When a worker covered by workers’ compensation makes a claim against a third party, the workers’ compensation insurance retains the right to subrogate against any recovery from that third party for all benefits paid to or on behalf of a claimant injured at work. When subrogating for more than basic medical and indemnity benefits, the Texas workers’ compensation subrogation statute provides that “the net amount recovered by a claimant in a third‑party action shall be used to reimburse the carrier for benefits, including medical benefits that have been paid for the compensable injury.” TX Labor Code § 417.002.

In fact, all 50 states provide for similar subrogation. However, none of them precisely outlines which payments or costs paid by a compensation carrier constitute “compensation” and can be recovered. The result is industry-wide confusion and an ongoing debate and argument with claimants’ attorneys over what can and can’t be included in a carrier’s lien for recovery purposes.

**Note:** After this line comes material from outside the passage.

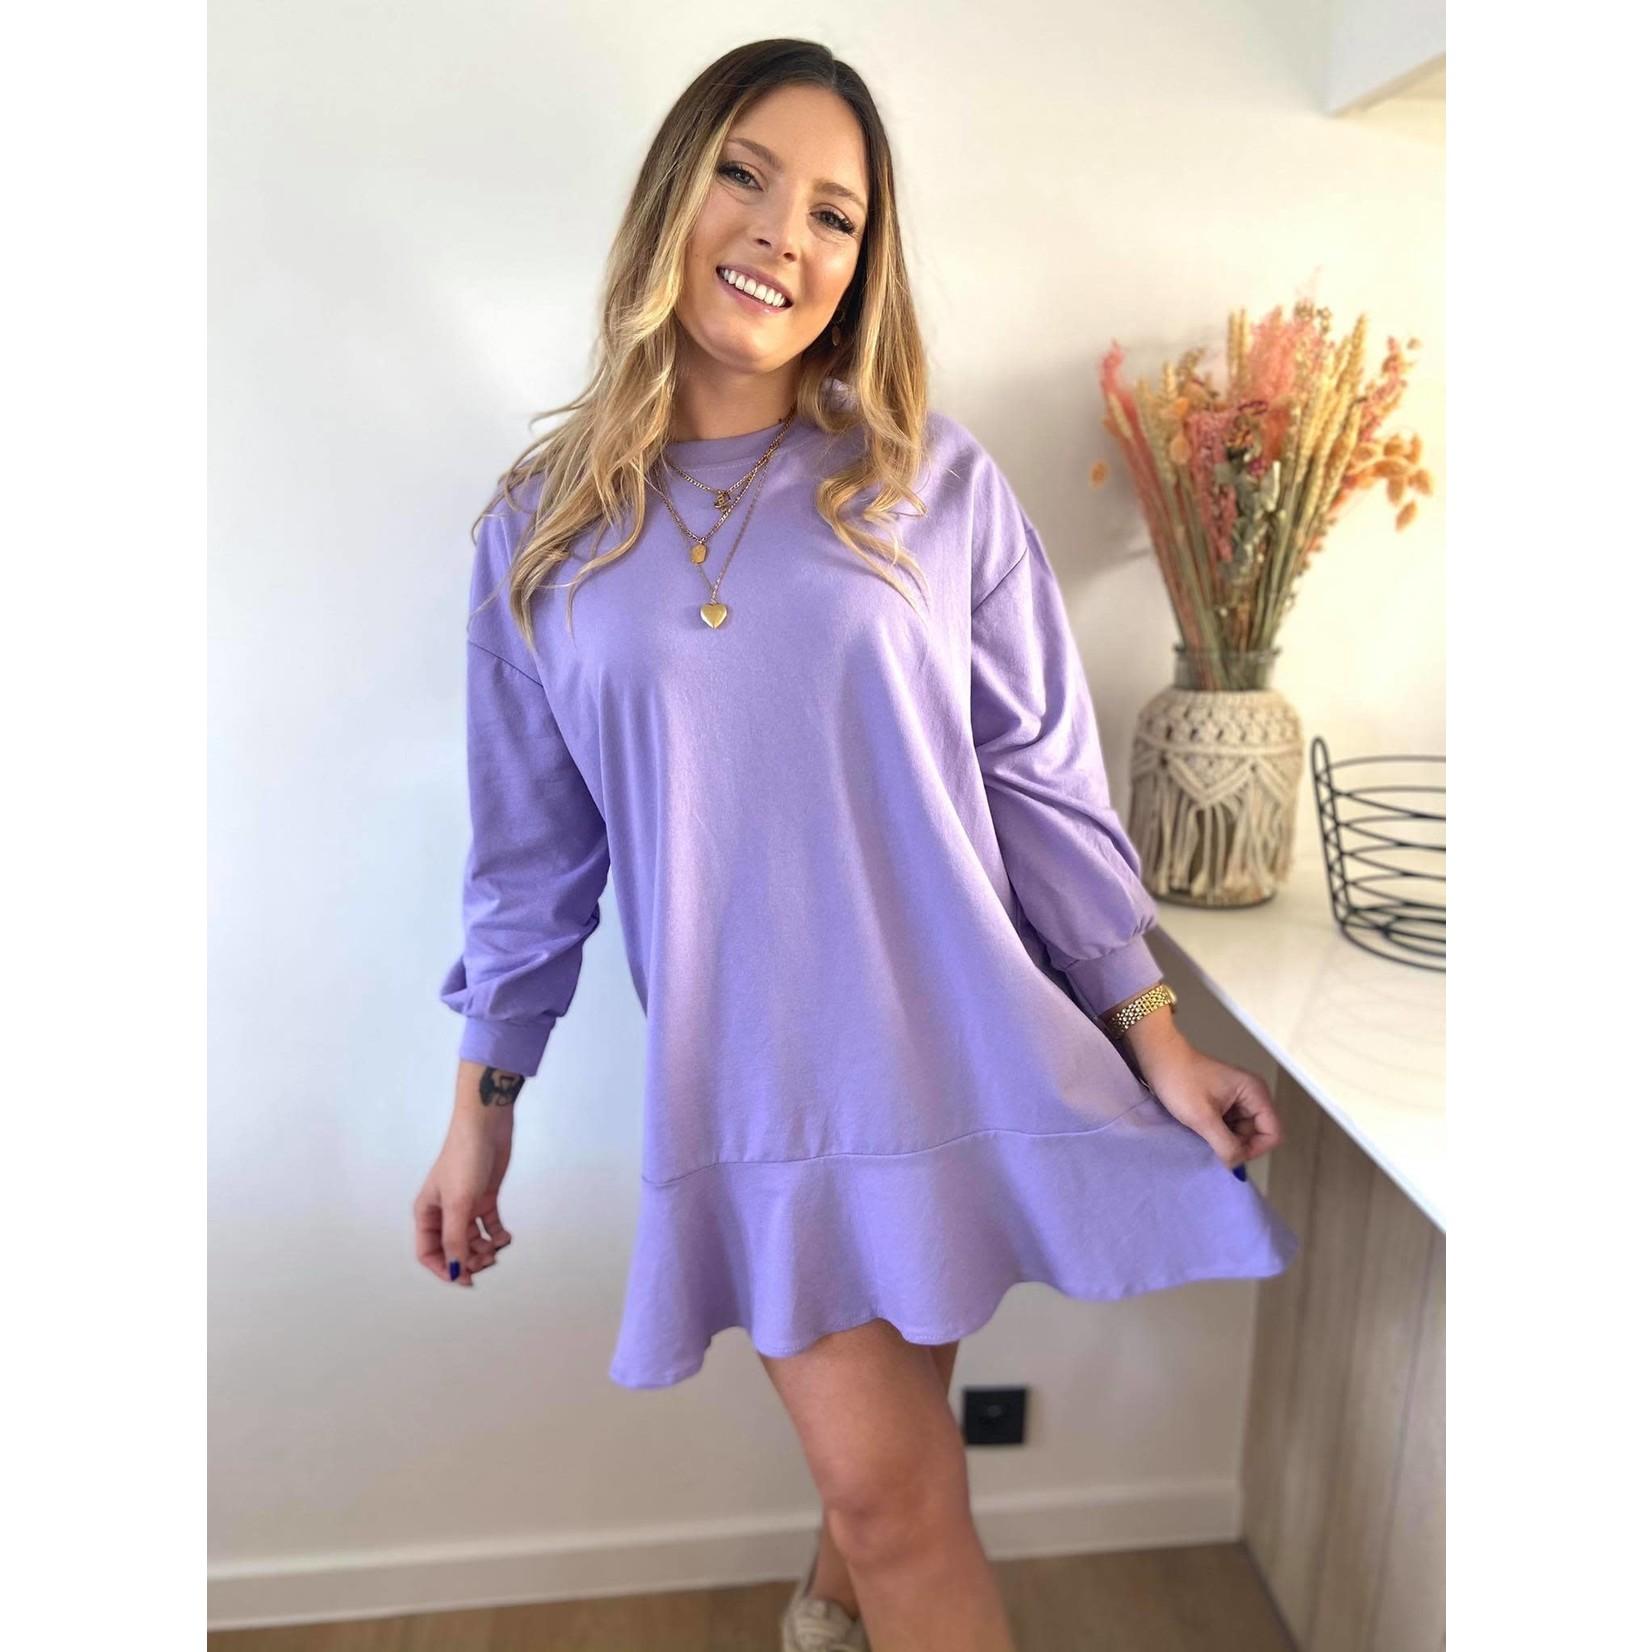 Sweatshirt dress with ruffles pink TU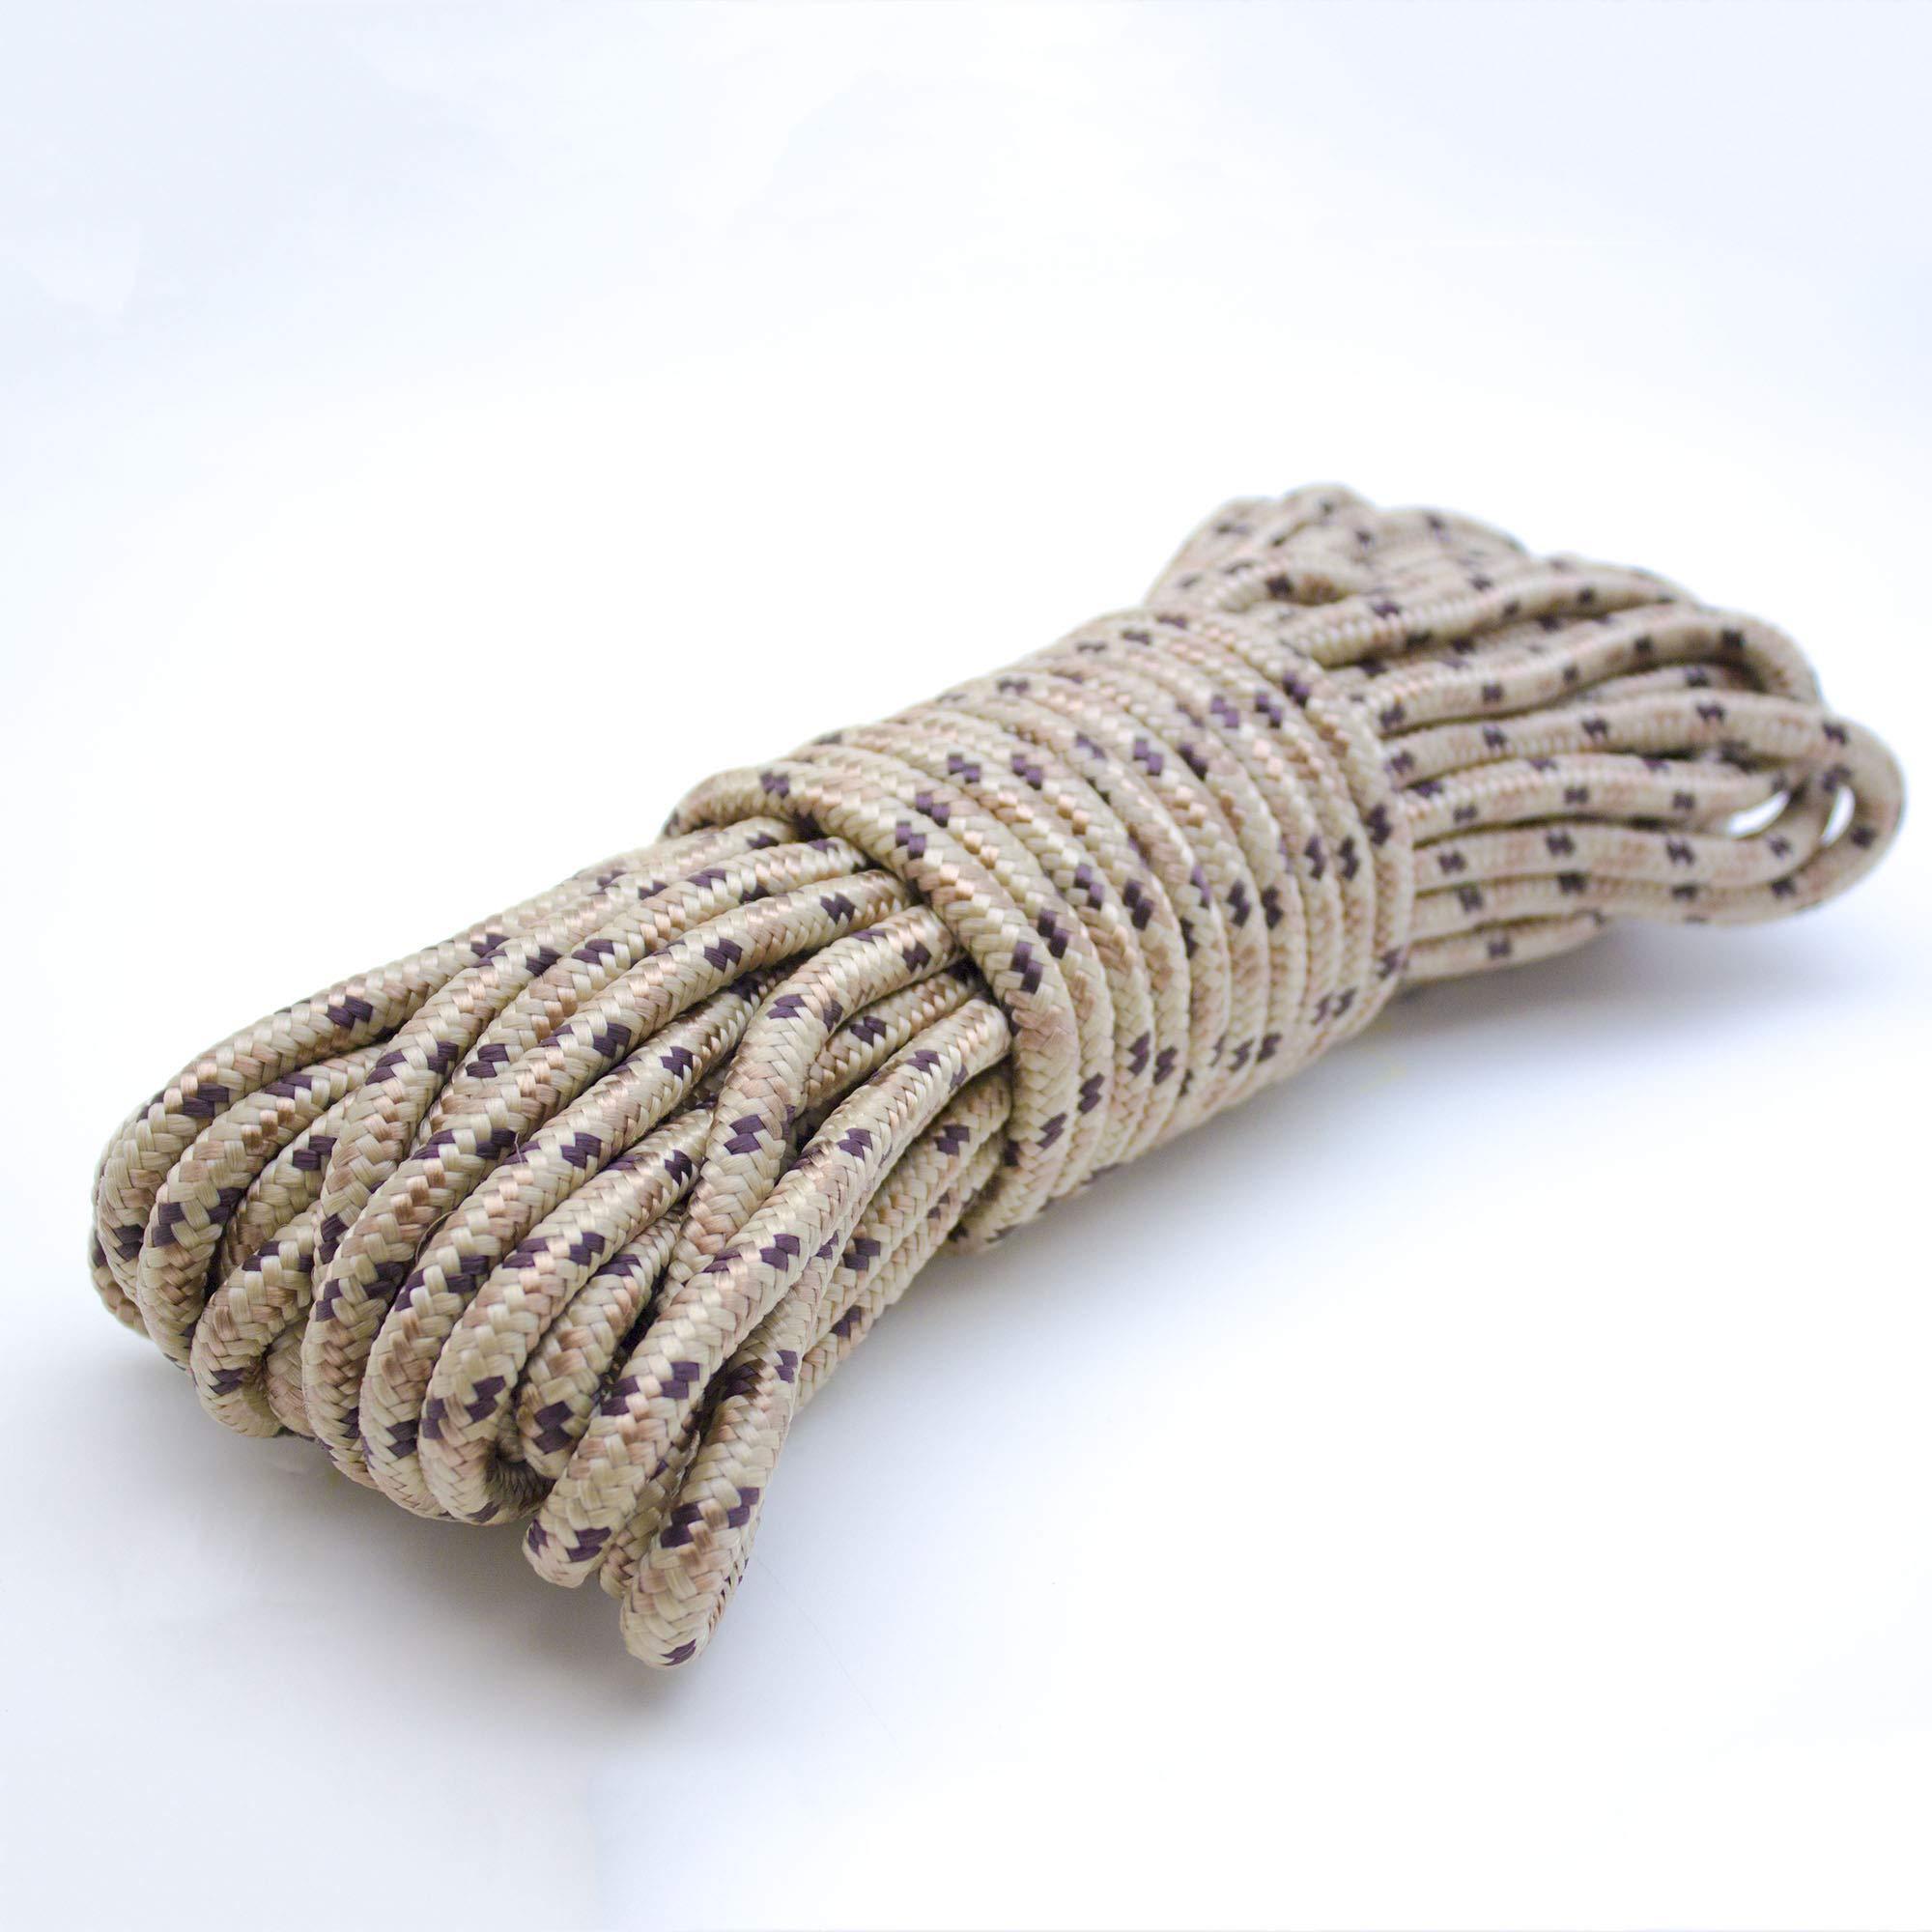 Emergency Zone 9mm (3/8 inch) Nylon Braided, 50 Foot, Multi-Purpose Rope. Camouflage 2 Pack

In addition to medical expenses, death benefits, funeral costs and/or indemnity benefits for lost wages and loss of earning capacity resulting from a compensable injury, workers’ compensation insurance carriers also expend considerable dollars for case management costs, medical bill audit fees, rehabilitation benefits, nurse case worker fees, and other similar fees. They also incur other expenses in conjunction with the handling and adjusting of workers’ compensation claims. Workers’ compensation carriers typically assert, of course, that, they are entitled to reimbursement for such expenditures when it recovers its workers’ compensation lien. Injured workers and their attorneys disagree.